The film features these songs:
1. "Baby, I Need Your Loving" by Lamont Dozier, Brian Holland, and Edward Holland, Jr.
2. "Come See About Me" by Lamont Dozier, Brian Holland, and Edward Holland, Jr.
3. "Prelude (From the Unaccompanied Cello Suite No. 1 In G Major)" by Johann Sebastian Bach
4. "Six Canonic Sonatas Op. 5" by Georg Philipp Telemann
5. "Sonata No. 3 in A Minor for Cello and Continuo: Allegro" by Antonio Vivaldi
6. "The Honey Song" by Sue Monk Kidd
7. "Beautiful" by India.Arie
8. "Breakaway" by Irma Thomas
9. "Come See About Me" by The Supremes
10. "Doncha Know (Sky Is Blue)" by Alicia Keys
11. "Heaven's My Home" by Sam & Ruby
12. "Hippy Hippy Shake" by The Swinging Blue Jeans
13. "I'm Alright" by Little Anthony and the Imperials
14. "It's All Right" by The Impressions
15. "Keep Marching" by Raphael Saadiq
16. "Mary" by Joe Purdy
17. "Song for Mia" by Lizz Wright

The soundtrack for the film was not released as a soundtrack album.

==Reception==
===Critical response===
Rotten Tomatoes reported the film has an approval of 60% based on 139 reviews, with an average rating of 5.94/10. The site's critics' consensus reads: "The Secret Life of Bees has charm, but is largely too maudlin and sticky-sweet." Metacritic gives the film a weighted average score of 57 out of 100, based on 32 critics, indicating "mixed or average reviews". Audiences polled by CinemaScore gave the film an average grade of "A" on an A+ to F scale.

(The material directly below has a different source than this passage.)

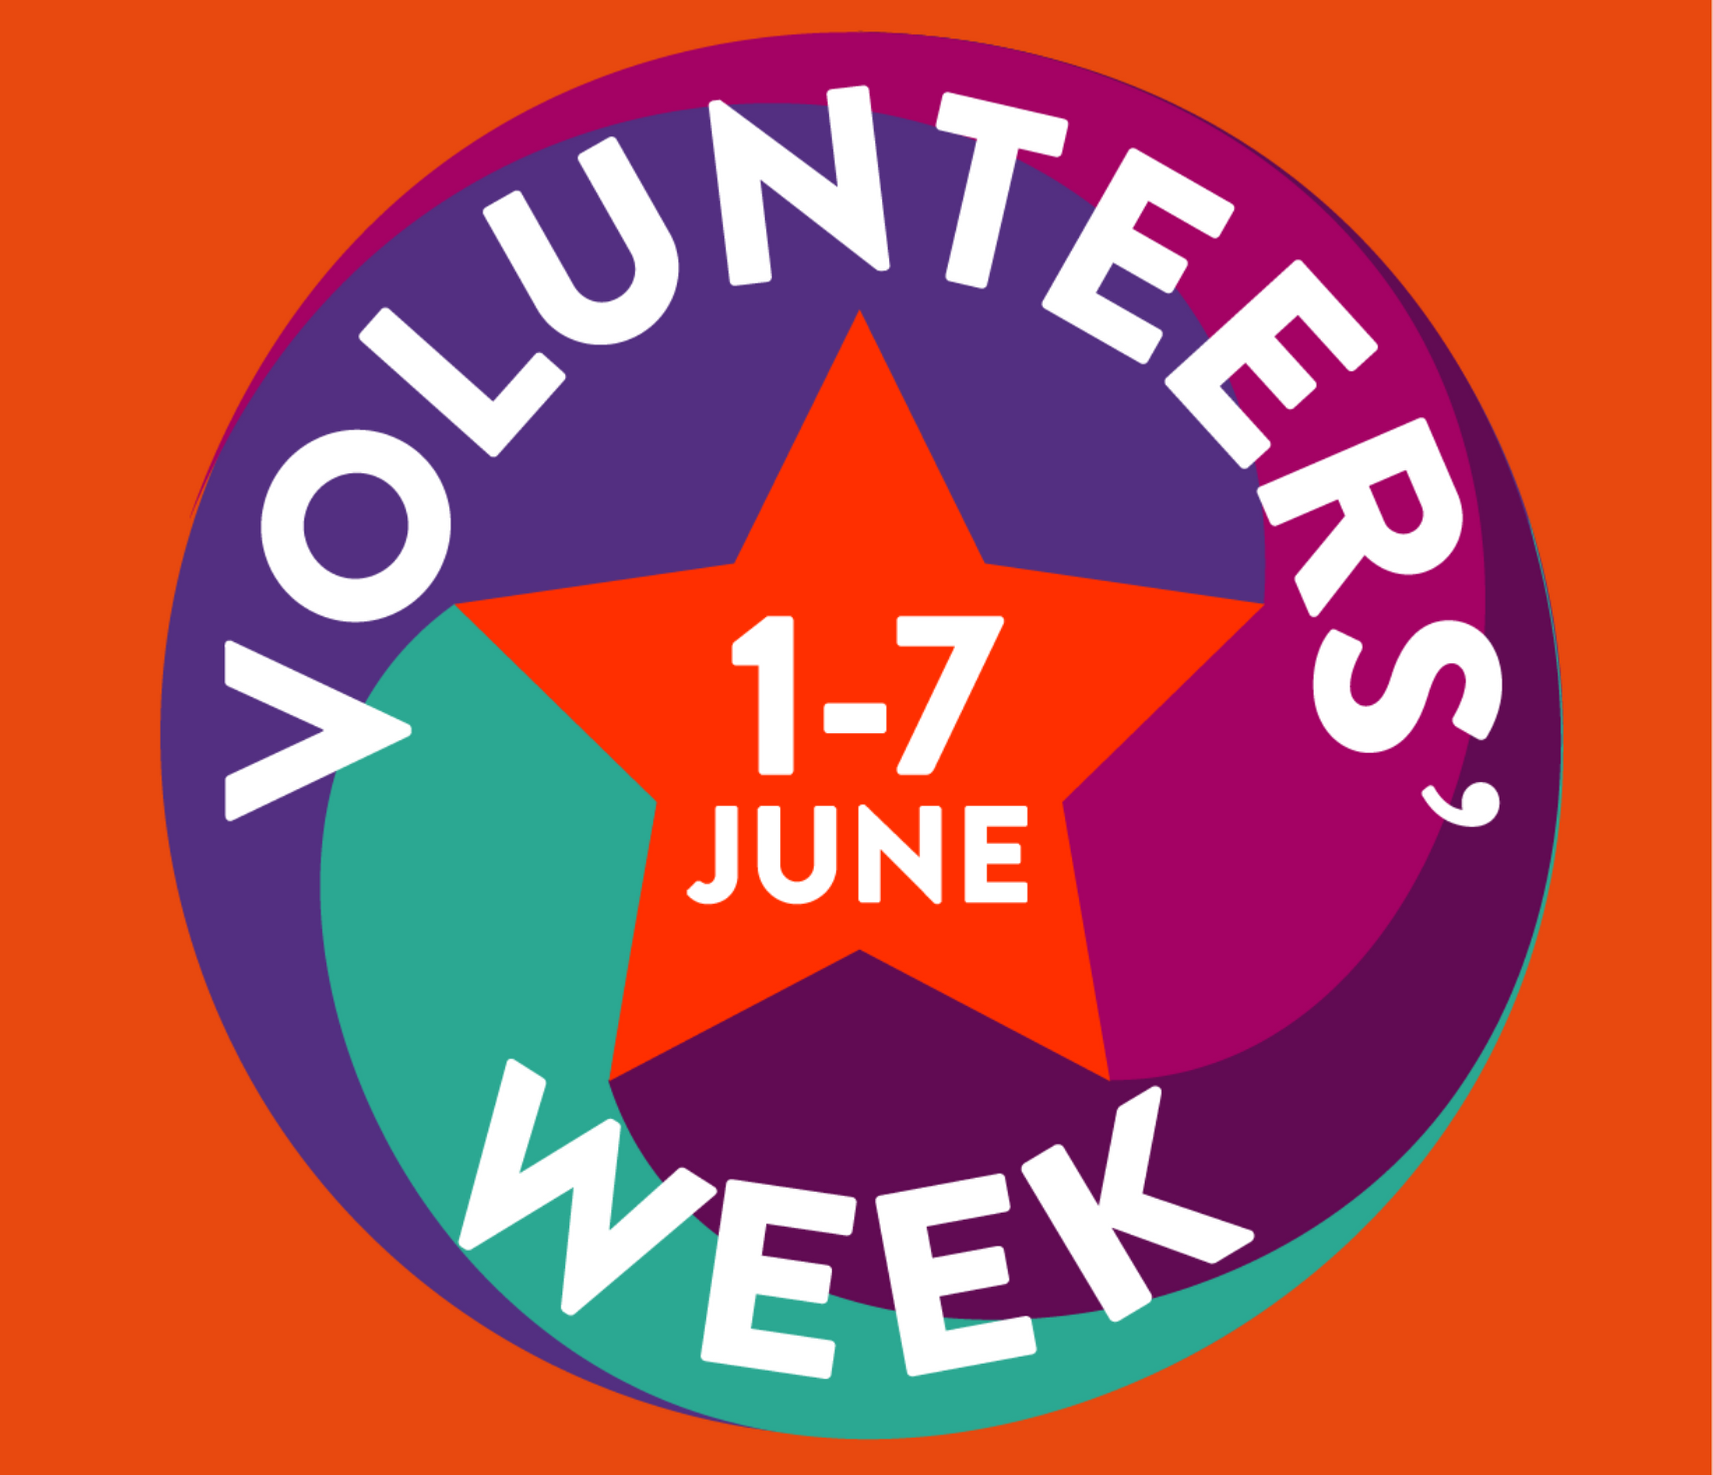 Volunteers' Week 2021 Launched! Volunteer Now

Writing in The New York Times, reviewer A. O. Scott thought the film to be "a familiar and tired fable". Roger Ebert found the film "enchanting" and gave it 3.5/4 stars.

===Box office===
The film was No. 3 at the North American box office for its opening weekend with $10.5 million. It later went on to gross $40 million worldwide.

===Accolades===
The movie won the awards for "Favorite Movie Drama" and "Favorite Independent Movie" at the 35th People's Choice Awards.

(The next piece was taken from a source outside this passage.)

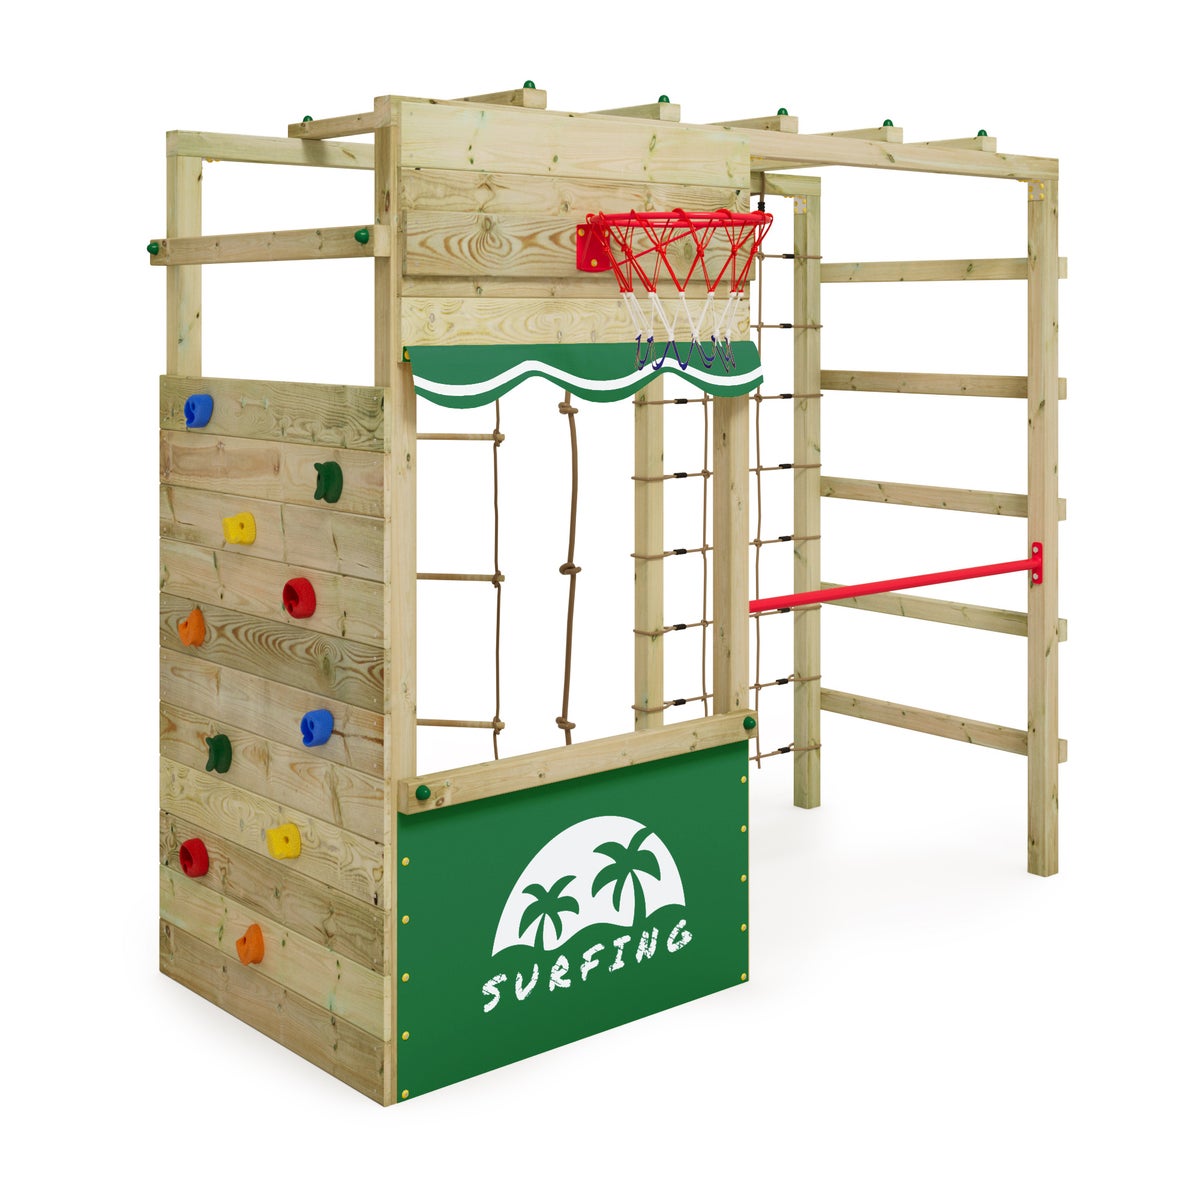 WICKEY Klettergerüst Spielturm Smart Action Gartenspielgerät mit Kletterwand und Spiel-Zubehör - grün

The film received seven NAACP Image Award nominations, which include Outstanding Motion Picture, Outstanding Actress in a Motion Picture (Queen Latifah, Dakota Fanning), Outstanding Actor in a Motion Picture (Nate Parker), and Outstanding Supporting Actress in a Motion Picture (Alicia Keys, Jennifer Hudson, and Sophie Okonedo). The movie won the Image Award for Outstanding Motion Picture.